Compared with the overall PARAGON-HF population, the substudy population was older (P < .001) and more likely to be from North America (30% vs. 6%; P < .001), Shah said.

“Future studies will explore differences in cardiac phenotype between subgroups demonstrating differential response to sacubitril/valsartan and will evaluate the prognostic relevance of newer parameters like myocardial mechanics in HFpEF,” he said. – by Erik Swain

Reference:

Shah AM, et al. Late-Breaking Clinical Trials and Insights with Angiotensin Receptor Neprilysin Inhibitors. Presented at: Heart Failure Society of America Scientific Meeting; Sept. 13-16, 2019; Philadelphia.

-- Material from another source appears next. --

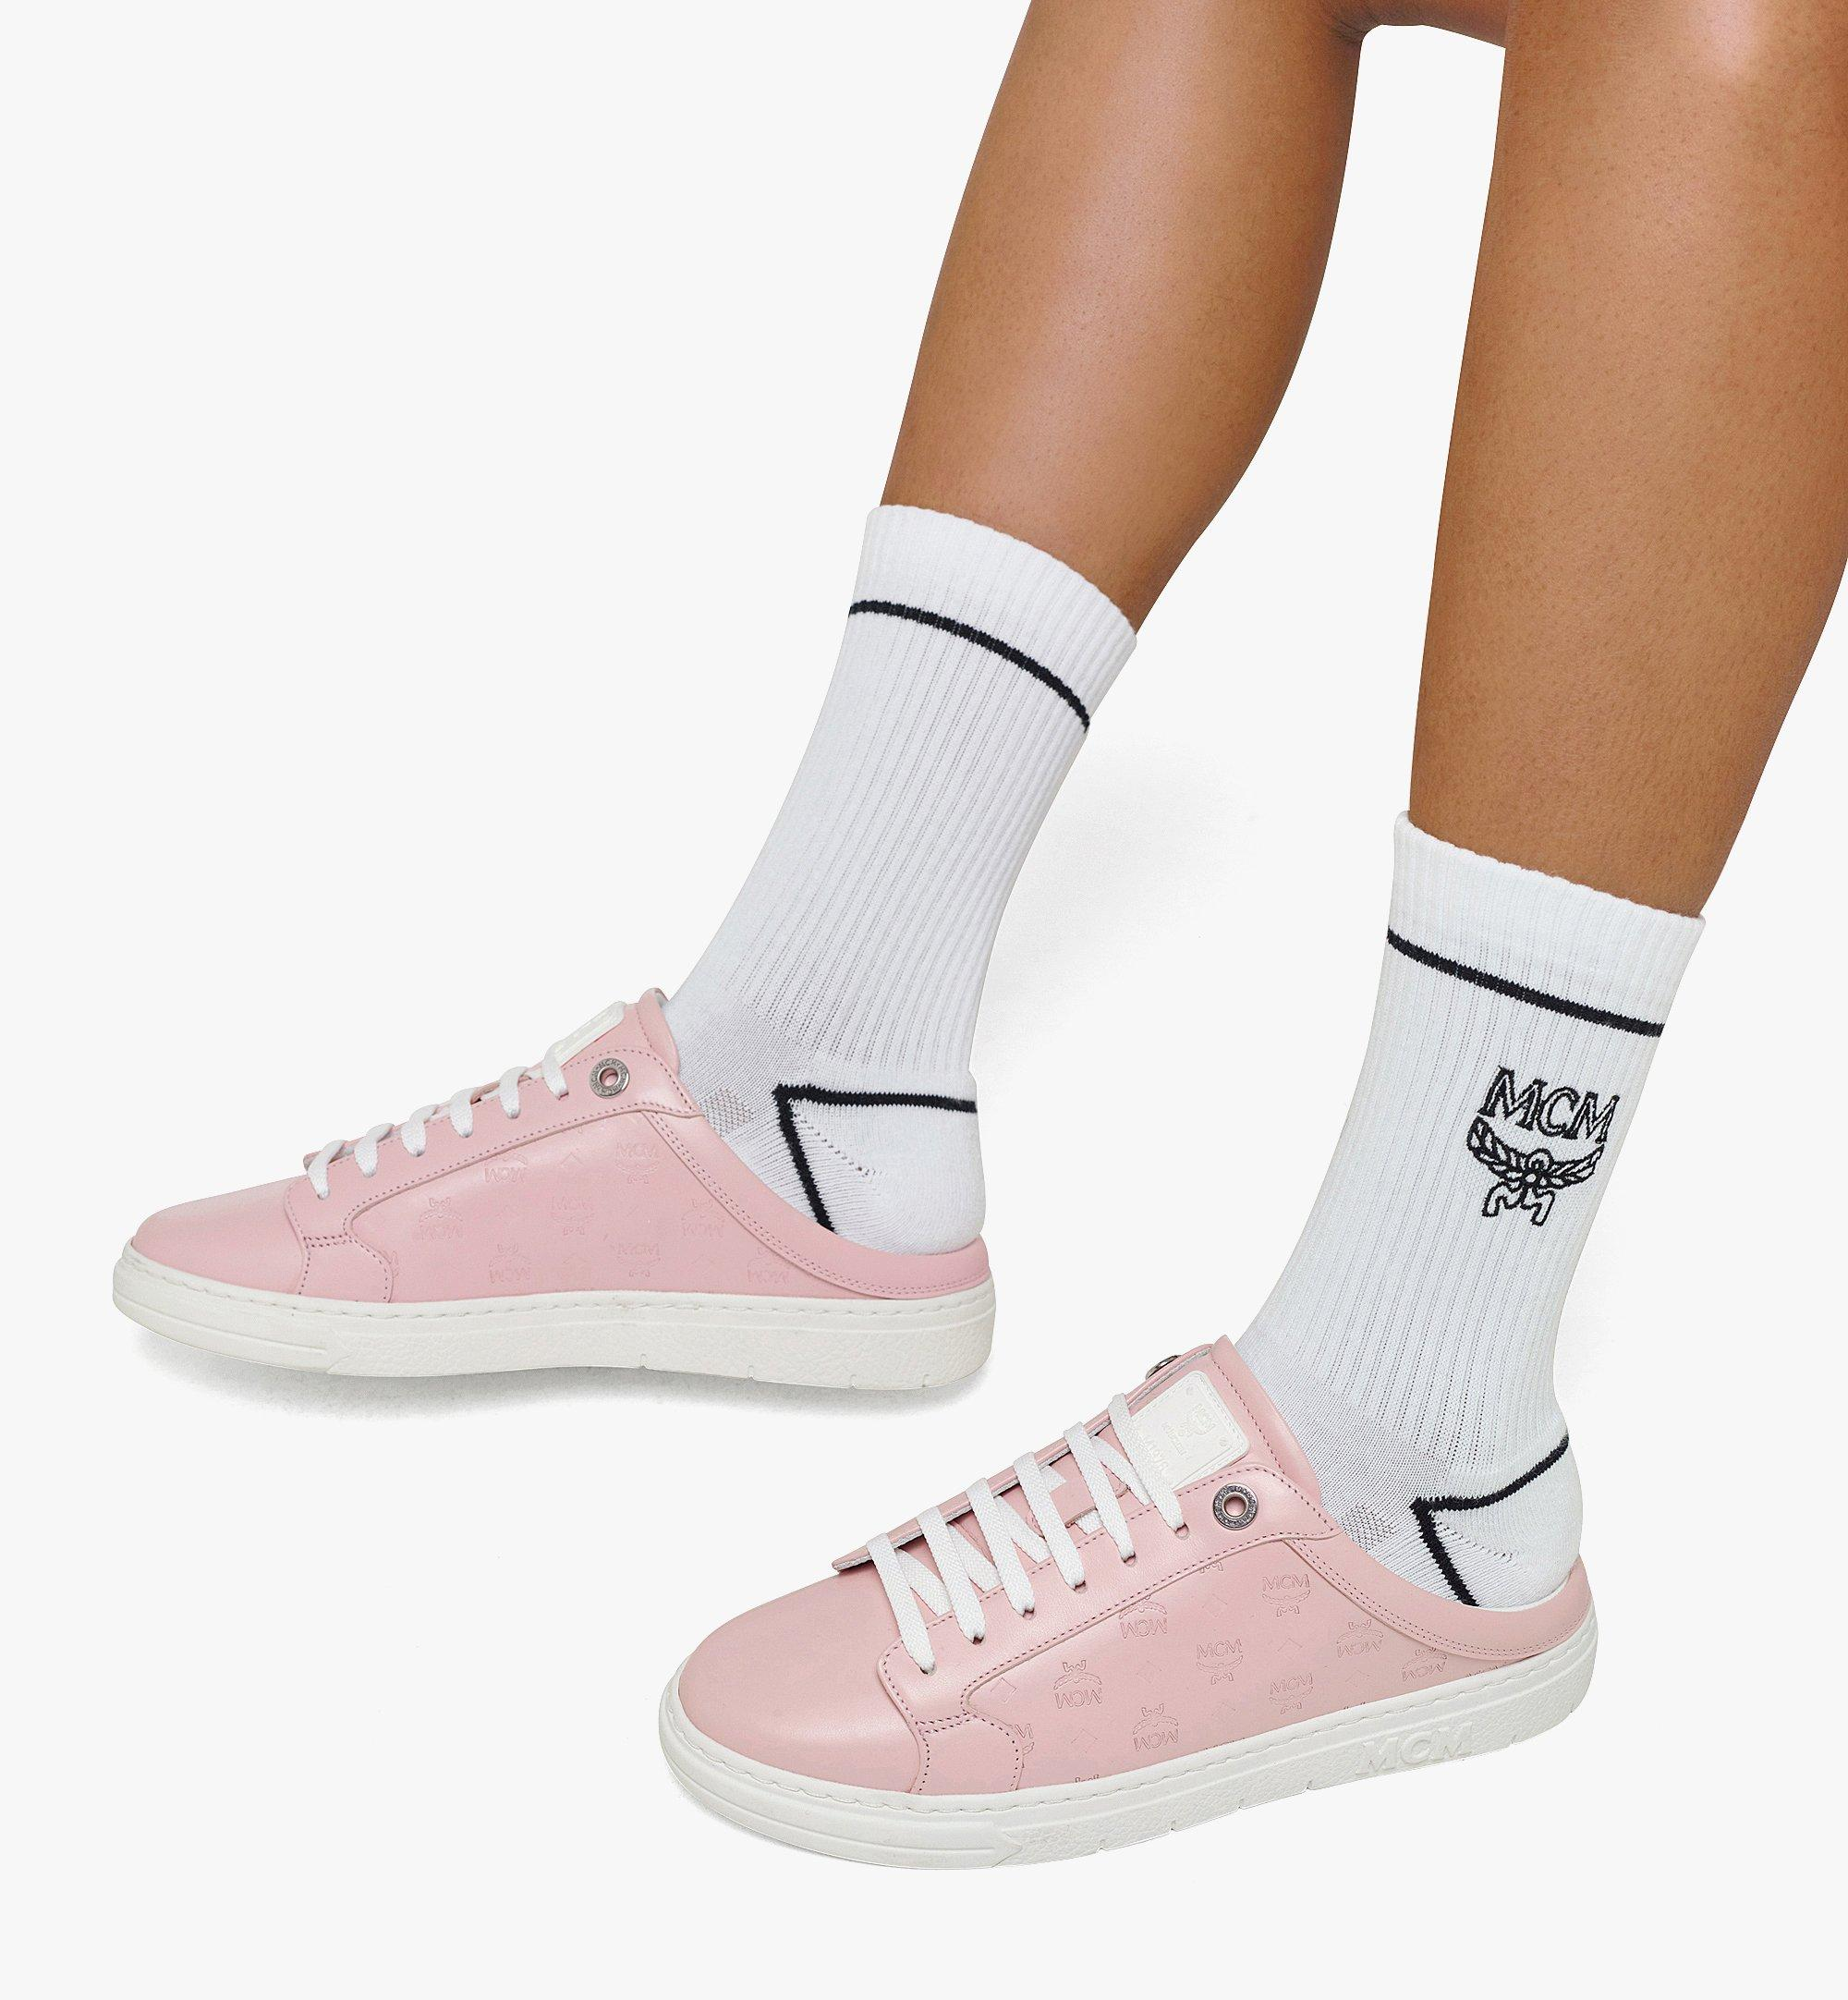 MCM Women's Terrain Lo Open Back Sneakers in Monogram Calf Leather Pink MESBAMM03QH036 Alternate View 2

Disclosure: PARAGON-HF was funded by Novartis. Shah reports he received a research grant from Novartis.

    Perspective
    Mary Norine Walsh

    Mary Norine Walsh

    The importance of a study like this is that it gives us more information on the pathophysiology and the changes that this agent brings to our patients. This study is one of the first to show mechanistic evidence that we did not have before.

    • Mary Norine Walsh, MD, MACC
    • Cardiology Today Editorial Board Member
      St. Vincent Heart Center, Indianapolis
      Past President, American College of Cardiology

    Disclosures: Walsh reports no relevant financial disclosures.